In an aspect, the method includes slide drilling a second segment
of the wellbore while oscillating the drill string with the top
drive at the proposed oscillation revolution amount during a second
period of time. In an aspect, the method includes receiving data
from a user and wherein determining a proposed oscillation
revolution amount for both the right and left directions comprises
taking into account the received data from the user.
The present disclosure also introduces a drilling method including
rotary drilling a first segment of a wellbore by rotating a drill
string with a top drive forming a part of a drilling rig apparatus
for a first period of time; obtaining data from a sensor disposed
about the drilling rig apparatus while rotary drilling for at least
a part of the first period of time; based on the data from the
sensor, determining a proposed oscillation regime target for the
drill string to reduce friction of the drill string in the downhole
bore without changing the direction of drilling of a bottom hole
assembly on the drill string; and slide drilling a second segment
of the wellbore while oscillating the drill string using the
proposed oscillation regime target during a second period of
time.
In an aspect, the oscillation regime target is an oscillation
revolution amount.
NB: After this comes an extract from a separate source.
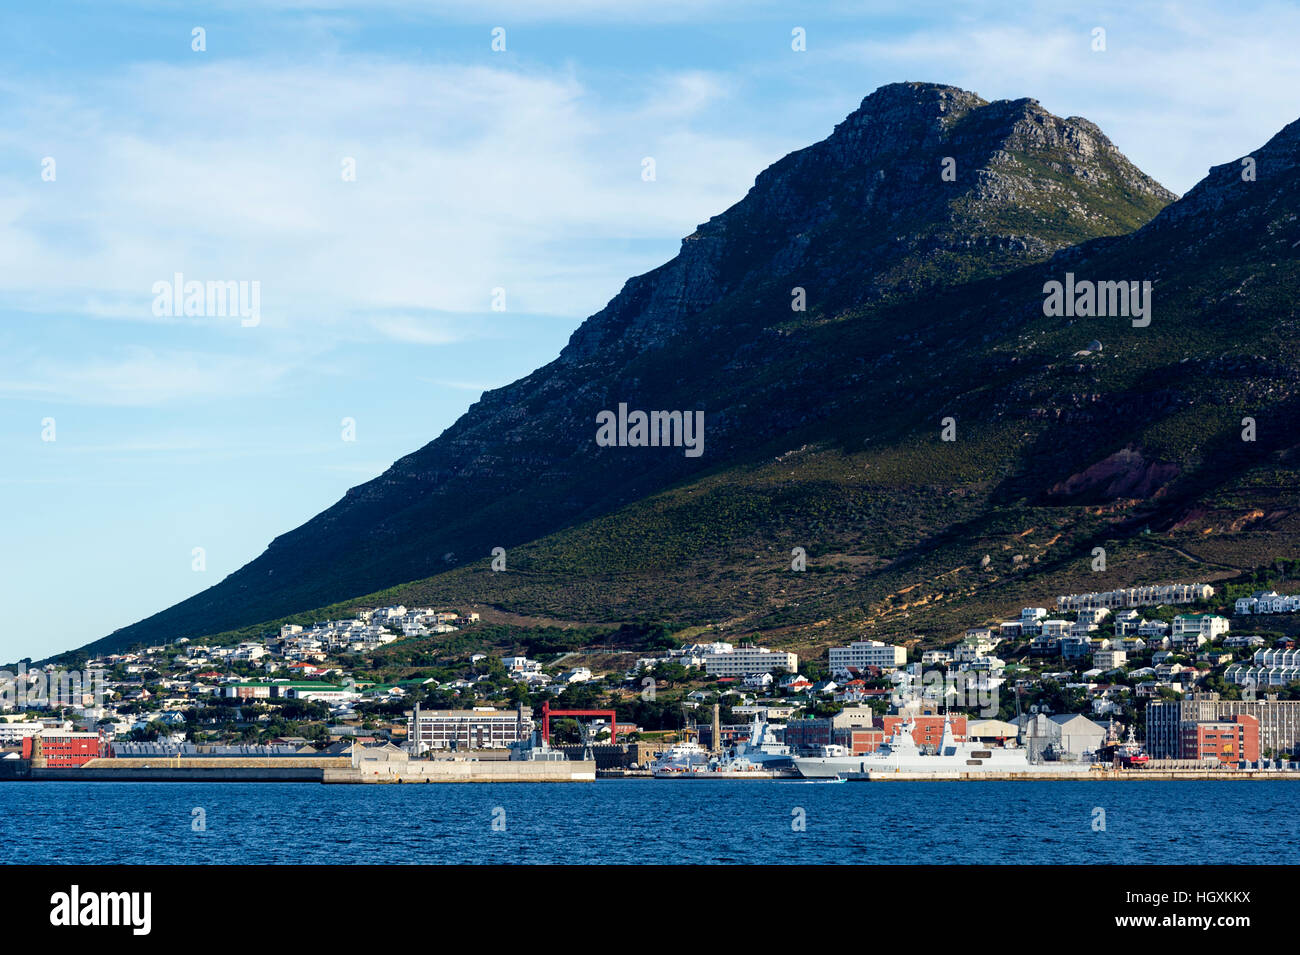 Una base navale e città di pescatori situato sotto una montagna. Foto Stock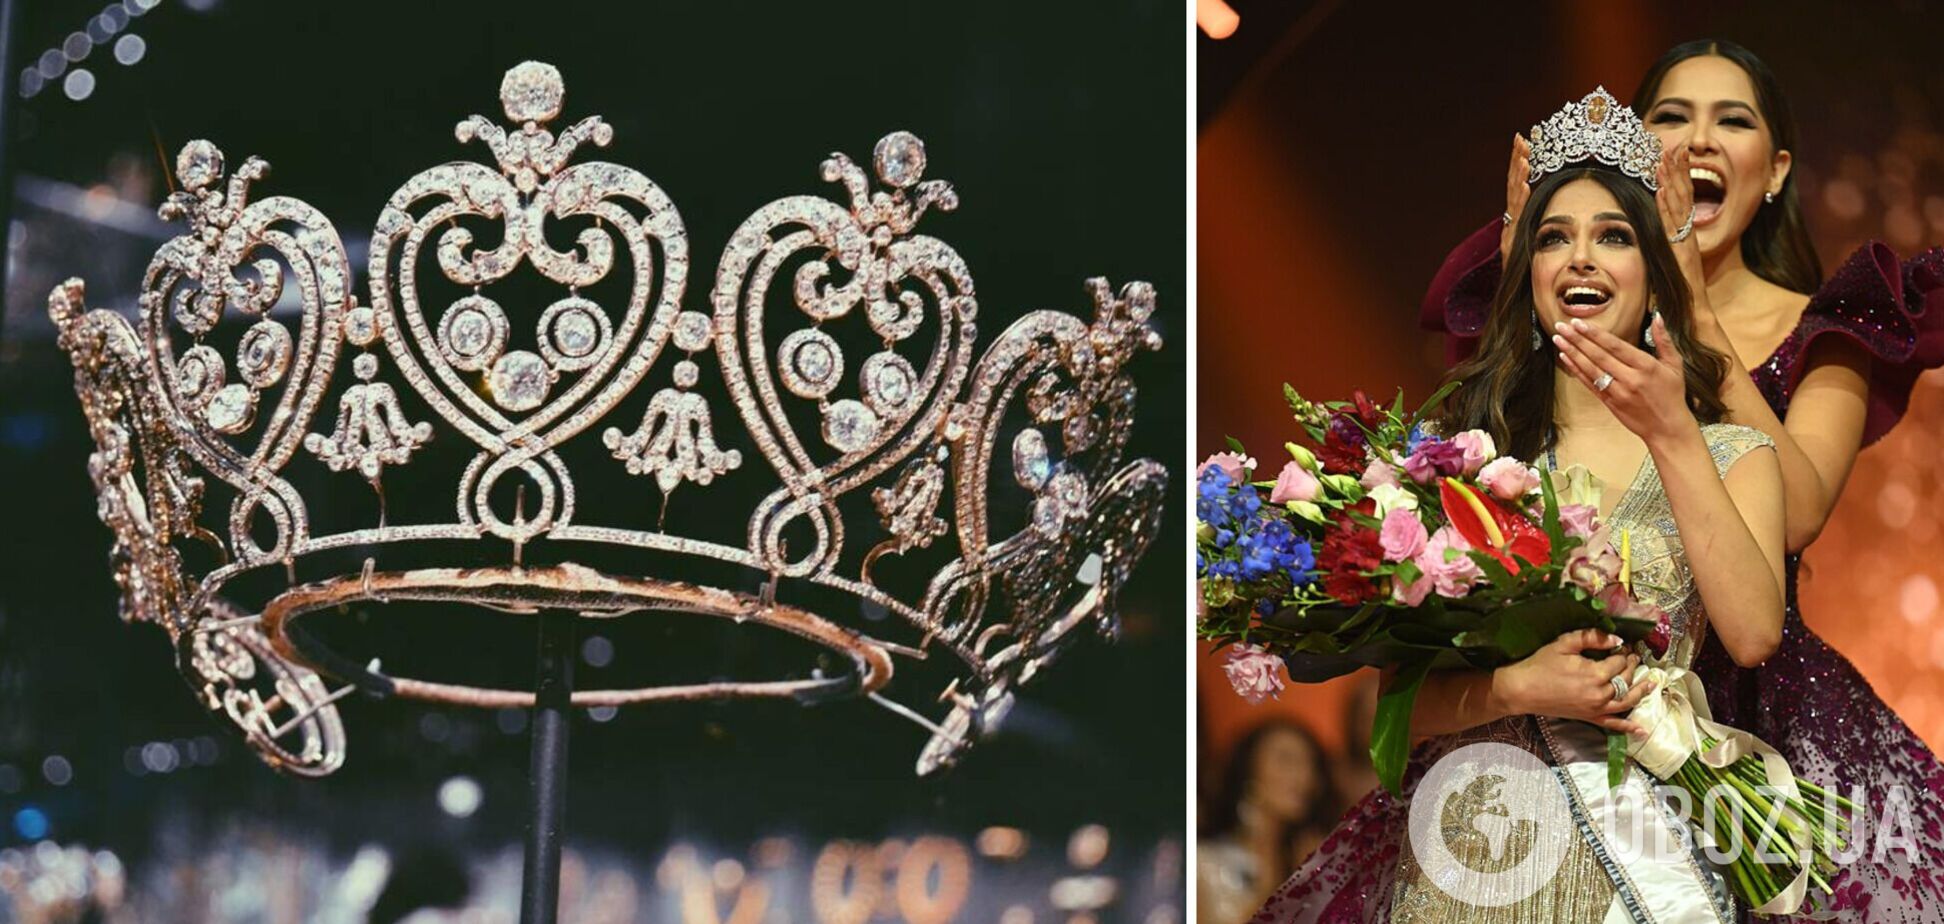 'Мисс Вселенная' изменил правила: впервые в истории беременные, замужние женщины и матери смогут сражаться за корону

In an aspect, the oscillation regime target is a
target torque limit for a clockwise revolution and a
counterclockwise revolution. In an aspect, the method includes
automatically setting the oscillation target regime in a control
system and automatically oscillating the drill string while slide
drilling the second segment in a manner corresponding to the
oscillation target regime.
The foregoing outlines features of several embodiments so that a
person of ordinary skill in the art may better understand the
aspects of the present disclosure. Such features may be replaced by
any one of numerous equivalent alternatives, only some of which are
disclosed herein. One of ordinary skill in the art should
appreciate that they may readily use the present disclosure as a
basis for designing or modifying other processes and structures for
carrying out the same purposes and/or achieving the same advantages
of the embodiments introduced herein. One of ordinary skill in the
art should also realize that such equivalent constructions do not
depart from the spirit and scope of the present disclosure, and
that they may make various changes, substitutions and alterations
herein without departing from the spirit and scope of the present
disclosure.
The Abstract at the end of this disclosure is provided to comply
with 37 C.F.R. .sctn. 1.72(b) to allow the reader to quickly
ascertain the nature of the technical disclosure. It is submitted
with the understanding that it will not be used to interpret or
limit the scope or meaning of the claims.
Moreover, it is the express intention of the applicant not to
invoke 35 U.S.C. .sctn. 112, paragraph 6 for any limitations of any
of the claims herein, except for those in which the claim expressly
uses the word "means" together with an associated function.